Studio album by Sofia Talvik
- Released: 12 May 2010
- Genre: Americana; folk; indie pop;
- Length: 33:13
- Label: Makaki Music
- Producer: Sofia Talvik

Sofia Talvik chronology
| Jonestown (2008) | Florida (2010) | Florida - Acoustic (2010) |

= Florida (Sofia Talvik album) =

Album by Sofia Talvik

Florida is the fourth studio album by Swedish folk musician Sofia Talvik.
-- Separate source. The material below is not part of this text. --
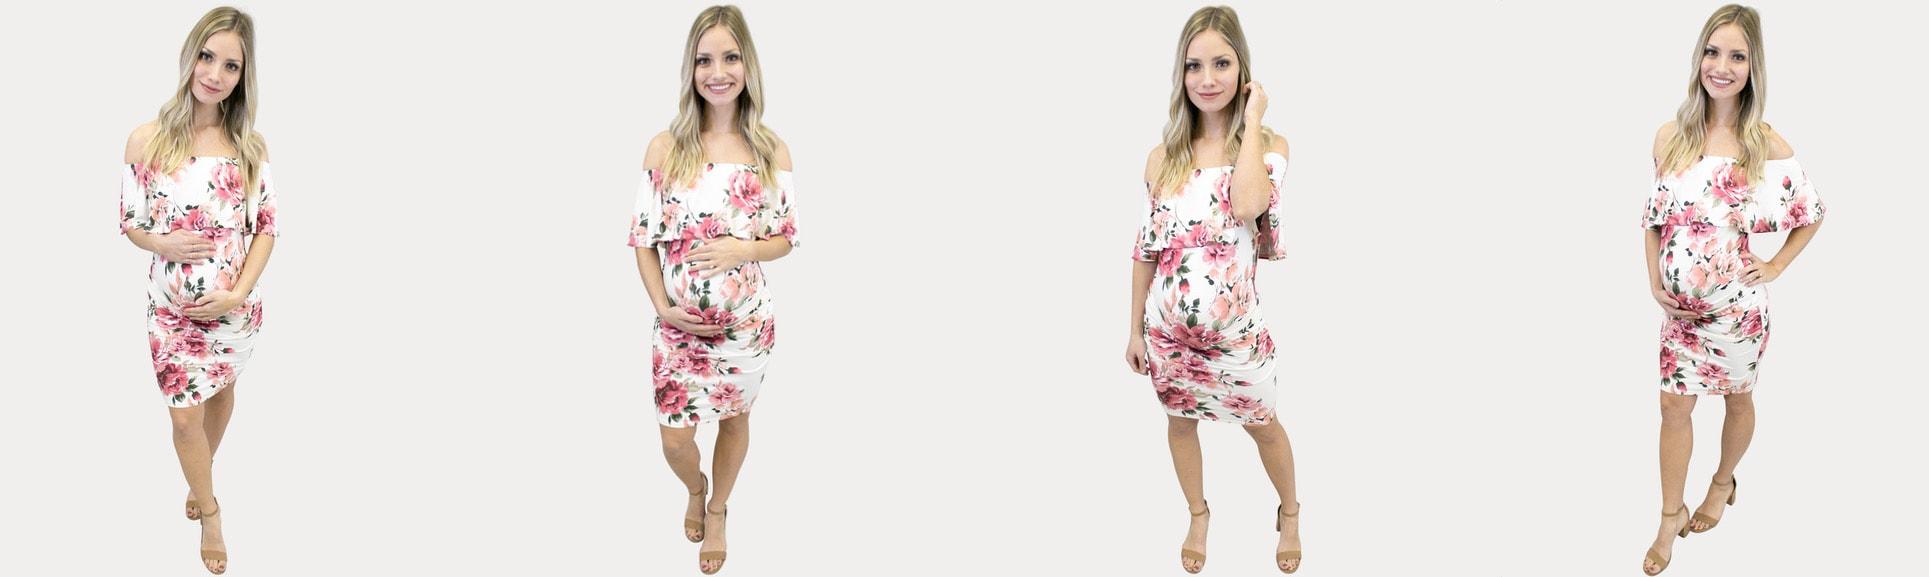 Off the shoulder maternity florals

It was released in 2010.

==Track listing==

| No. | Title | Length |
|---|---|---|
| 1. | "King of the Willow Tree" | 3:10 |
| 2. | "Florida" | 2:45 |
| 3. | "As We Catch on Fire" | 4:07 |
| 4. | "In the Eye of the Storm" | 3:28 |
| 5. | "You Plate Your Heart with Gold" | 3:53 |
| 6. | "More Than I Should Have" | 2:32 |
| 7. | "Paperhouse" | 3:11 |
| 8. | "The Light" | 3:23 |
| 9. | "You Bring Me Back" | 3:01 |
| 10. | "Maybe Then Will Be When" | 3:43 |
| Total length: |  | 33:13 |

==Critical reception==
A reviewer for CD Baby wrote: "It's not often that an album takes your breath away, and I hate to sound hyperbolic, but Florida actually has several 'Oh my god!' moments of sheer beauty."